Step 4: Review optimization results

After optimization is complete, you can review how the model’s performance has improved compared to the original version. This screen presents a detailed, side-by-side comparison of the original and optimized models.

Key Performance Metrics

You can compare the following metrics before and after quantization:

Total Latency
End-to-end inference time with percentage improvement from the original model.
Peak Memory
Maximum memory usage during inference, shown with memory reduction rate.
Model Size
File size of the quantized model compared to the original.
SNR Score
Signal-to-Noise Ratio that indicates how much numerical accuracy was preserved after quantization.

Layer-wise Comparison

Each layer in the model shows:

Optimized Latency vs. Original Latency
Target Precision vs. Original Precision
SNR Score per layer
Latency improvement %

Use this table to identify which layers were optimized and how much gain was achieved from each.

Visualized Model Graph

On the right side, the model graph reflects the updated computation structure, including quantization operators (e.g., QuantizeLinear, DequantizeLinear). This helps verify that the model has been structurally updated for deployment.

💡
Use this view to confirm the integration of quantization operations and to trace the flow of precision changes across the network.
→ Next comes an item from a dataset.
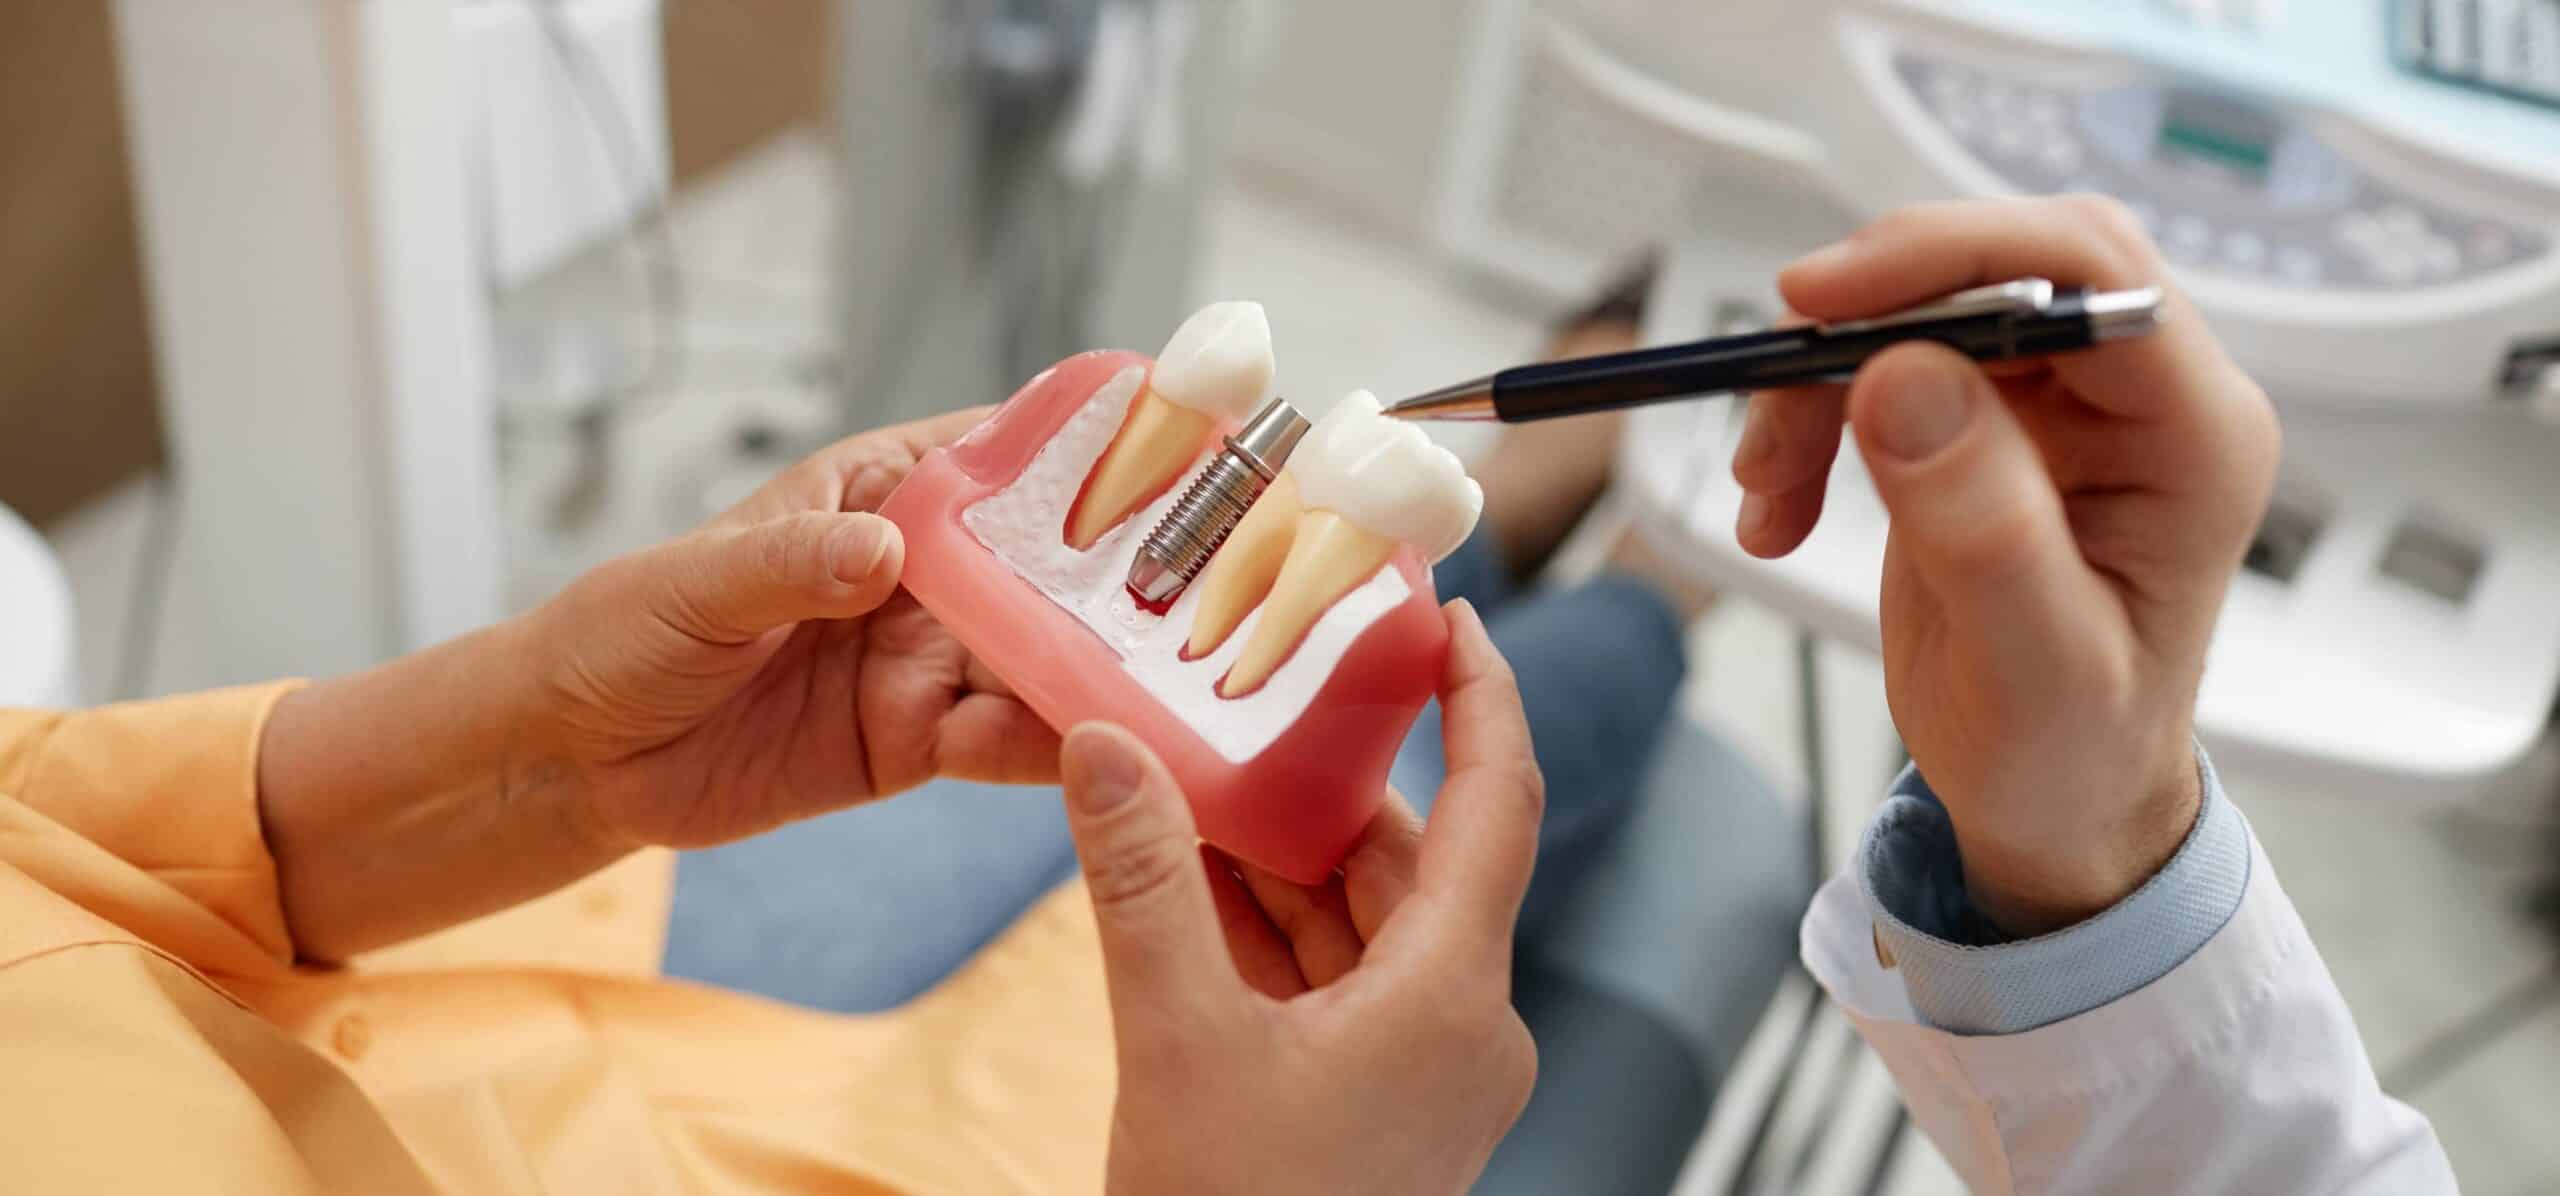 Implantologie dentaire | Dr Temstet | Paris

Download the optimized model

After reviewing the results, you can download the optimized model directly from the top-right corner of the screen.

Once downloaded, you will be able to:

Run benchmark tests on supported target devices on Benchmark Studio.
Compare performance with other model versions.
Deploy the model to your target hardware or production environment.
Use it as input for further post-processing or validation pipelines.